Palmanova, si apre il Festival della città ideale con Mauro e Castellina. E domani il “nuovo clima” con Luca Mercalli

Prenderà il via oggi, 25 settembre, al Teatro Gustavo Modena, la nuova edizione del Festival della Città Ideale – Dialoghi a Palmanova, che proseguirà fino a domenica 28 settembre. Un lungo fine settimana che riunisce personaggi di livello nazionale e internazionale con conferenze, musica, teatro, libri e spettacoli, offerti liberamente al pubblico come occasione di confronto e nutrimento per la comunità. L’edizione 2025 si caratterizza per un programma che spazia dai cambiamenti climatici alla crisi sociale e ambientale, dalla Costituzione ai diritti, fino alle grandi questioni politiche ed educative del nostro tempo, con ampio spazio anche alle memorie collettive che segnano il presente. Quest’anno il Festival sostiene inoltre una raccolta fondi a favore di Emergency.

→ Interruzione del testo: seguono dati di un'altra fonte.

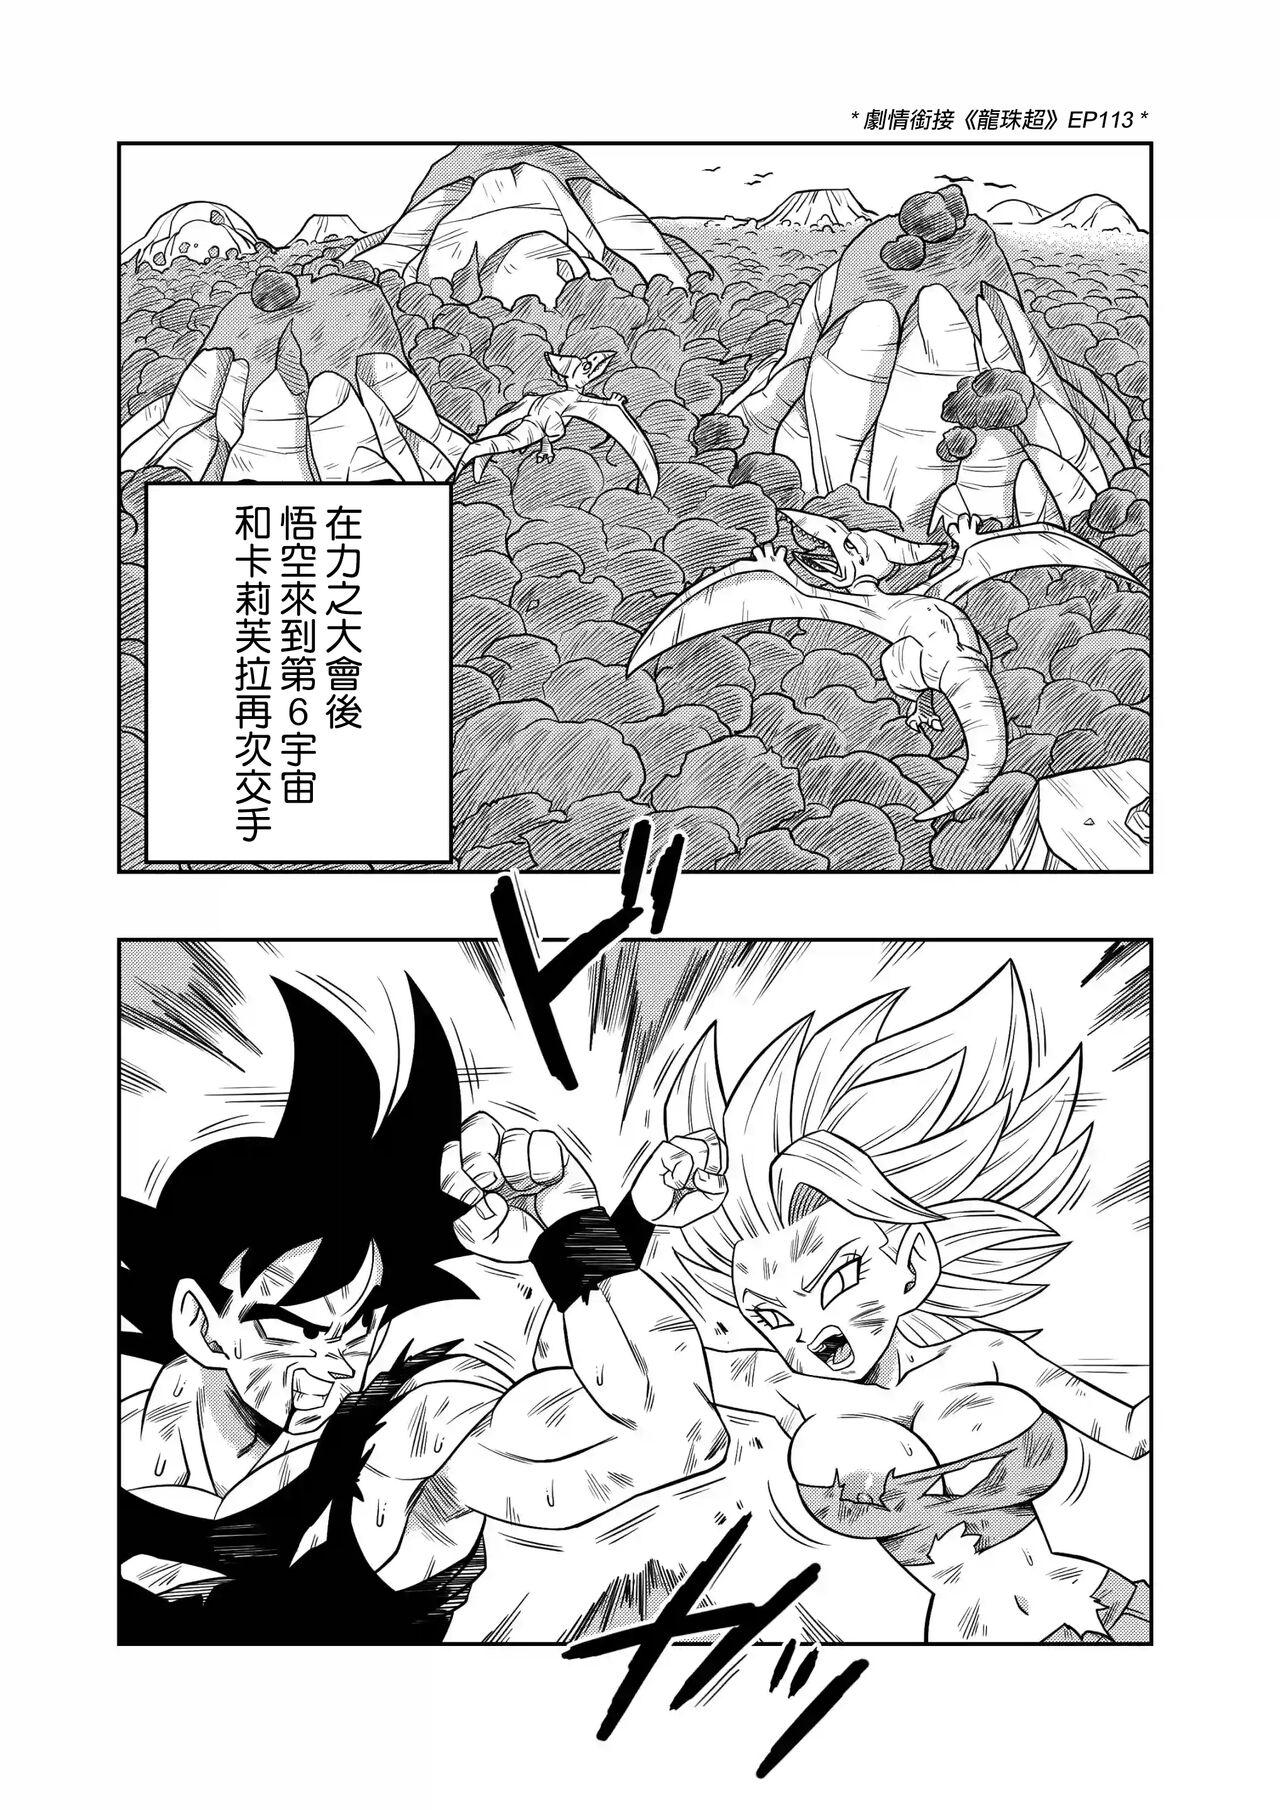 Mms Fight in the 6th Universe!!! - Dragon ball super Imvu - Page 3

La giornata inaugurale si aprirà alle 18 con l’incontro Oltre il dissenso: conflitto, alleanze e azione collettiva, un confronto tra esperienze diverse che interrogano l’idea di città ideale non come utopia astratta, ma come spazio concreto di conflitti reali e trasformazioni possibili. Dissenso e conflitto diventano strumenti per rigenerare la partecipazione democratica e terreno fertile per alleanze, cura e azione collettiva. Intervengono Extinction Rebellion FVG, Luciana Castellina, Laura Marmorale, Tazeeb Tazeeb e Pashmeen Kaur, in dialogo con Michela Vogrig, presidente di Legacoop FVG, partner dell’iniziativa.
In serata, alle 21, Ezio Mauro, giornalista ed editorialista, già direttore de La Stampa e per vent’anni de La Repubblica, presenta il suo nuovo libro La mummia di Lenin (Feltrinelli, 2025) in dialogo con Fabio Turchini, scrittore, docente e autore teatrale. Con uno sguardo lucido e una scrittura incisiva, Mauro ripercorre la storia della Russia da Lenin a Putin, indagando il mistero del corpo imbalsamato che da un secolo continua a incarnare il potere. Il volume esplora le fratture e le continuità di un’epopea che ha segnato il Novecento e che ancora oggi riverbera nel presente.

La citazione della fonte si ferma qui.